(Data block begins)

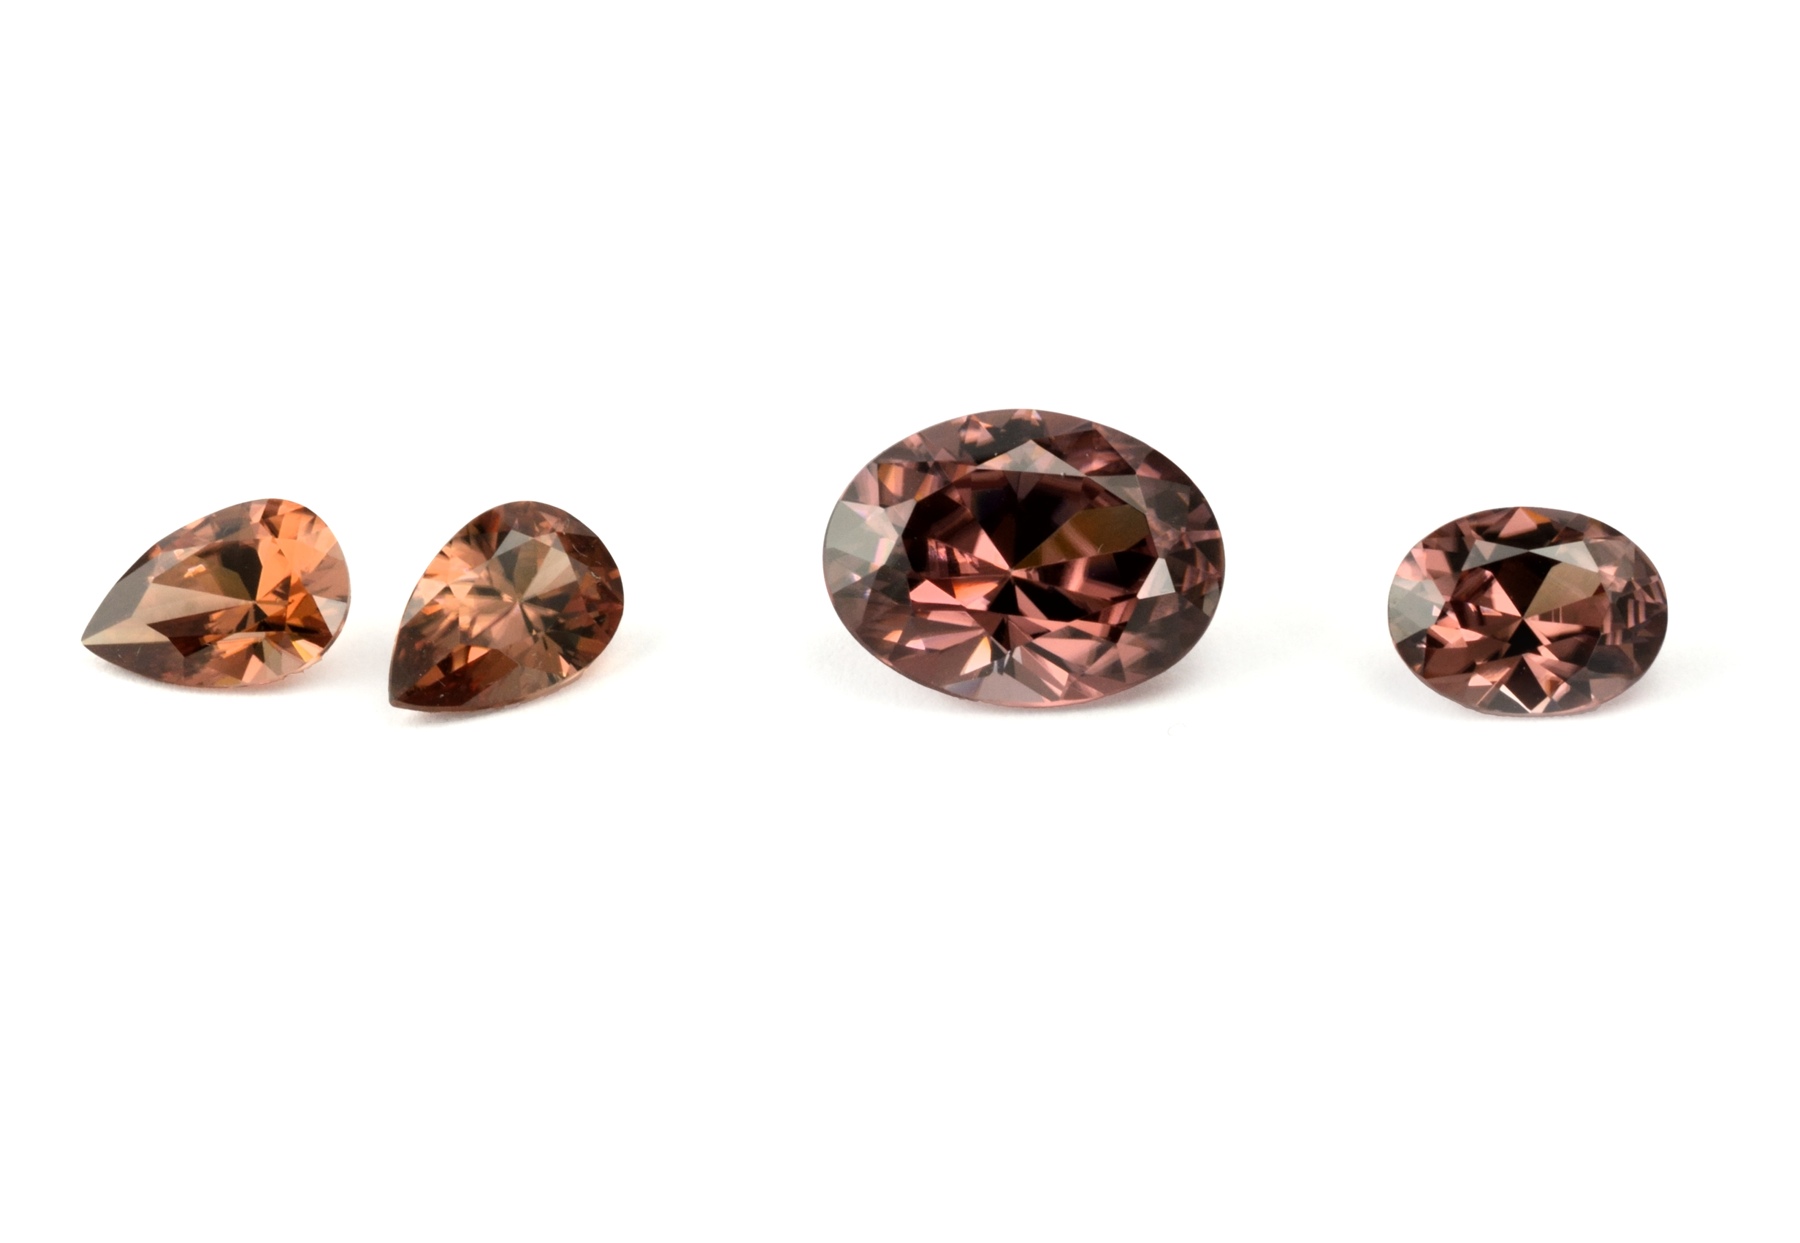 Malay zircon gemstones
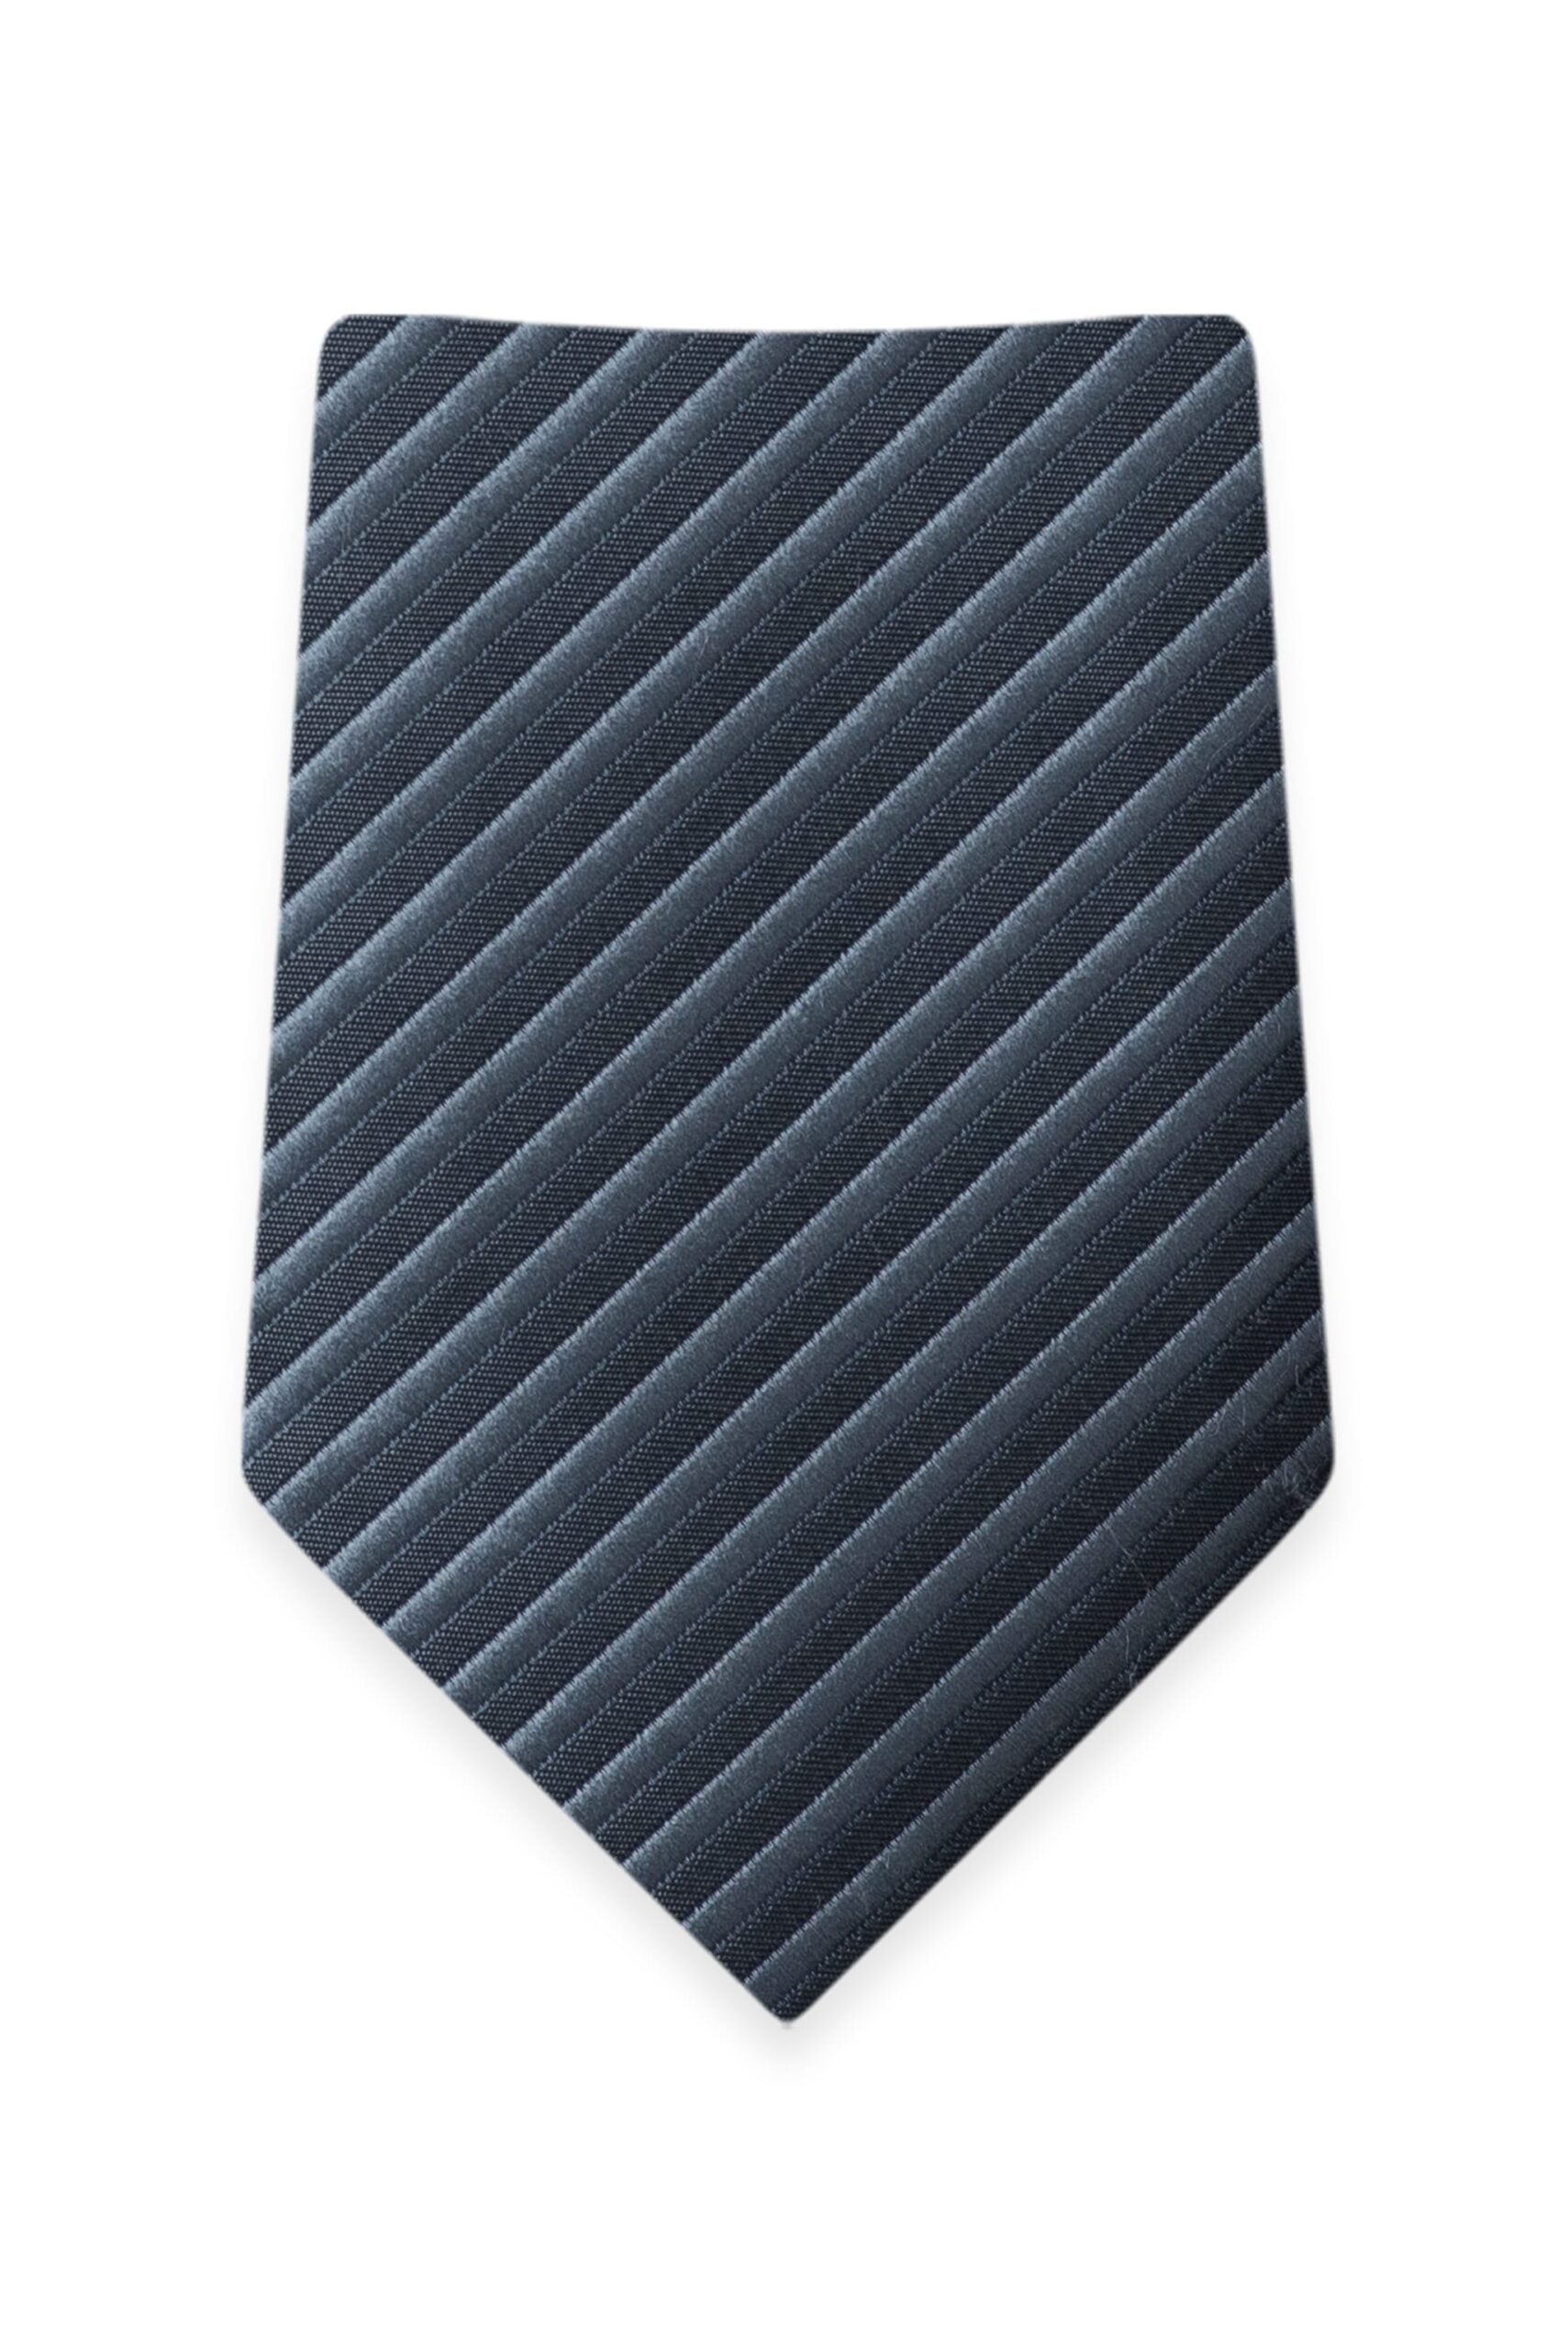 Striped Slate Blue Self-Tie Windsor Tie 1
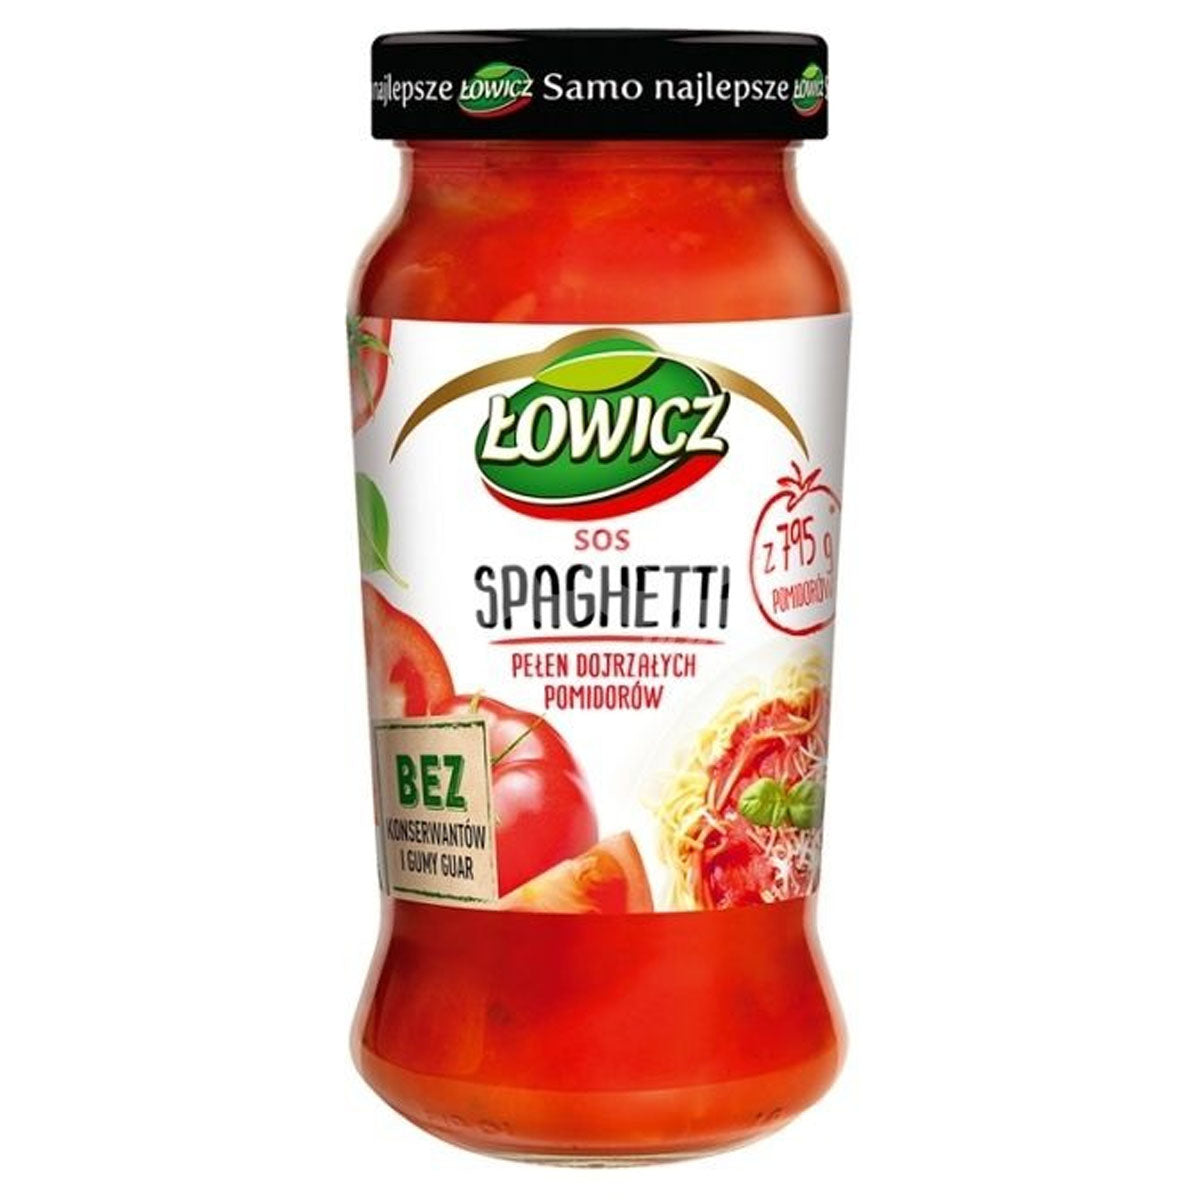 Lowick - Spaghetti Sauce - 500g - Continental Food Store

(Data block ends)

What is required ::
Output a faithful copy of the data, with each picture left out.

Solution to this task ::
 Malay zircon gemstones
 Striped Slate Blue Self-Tie Windsor Tie 1
 Lowick - Spaghetti Sauce - 500g - Continental Food Store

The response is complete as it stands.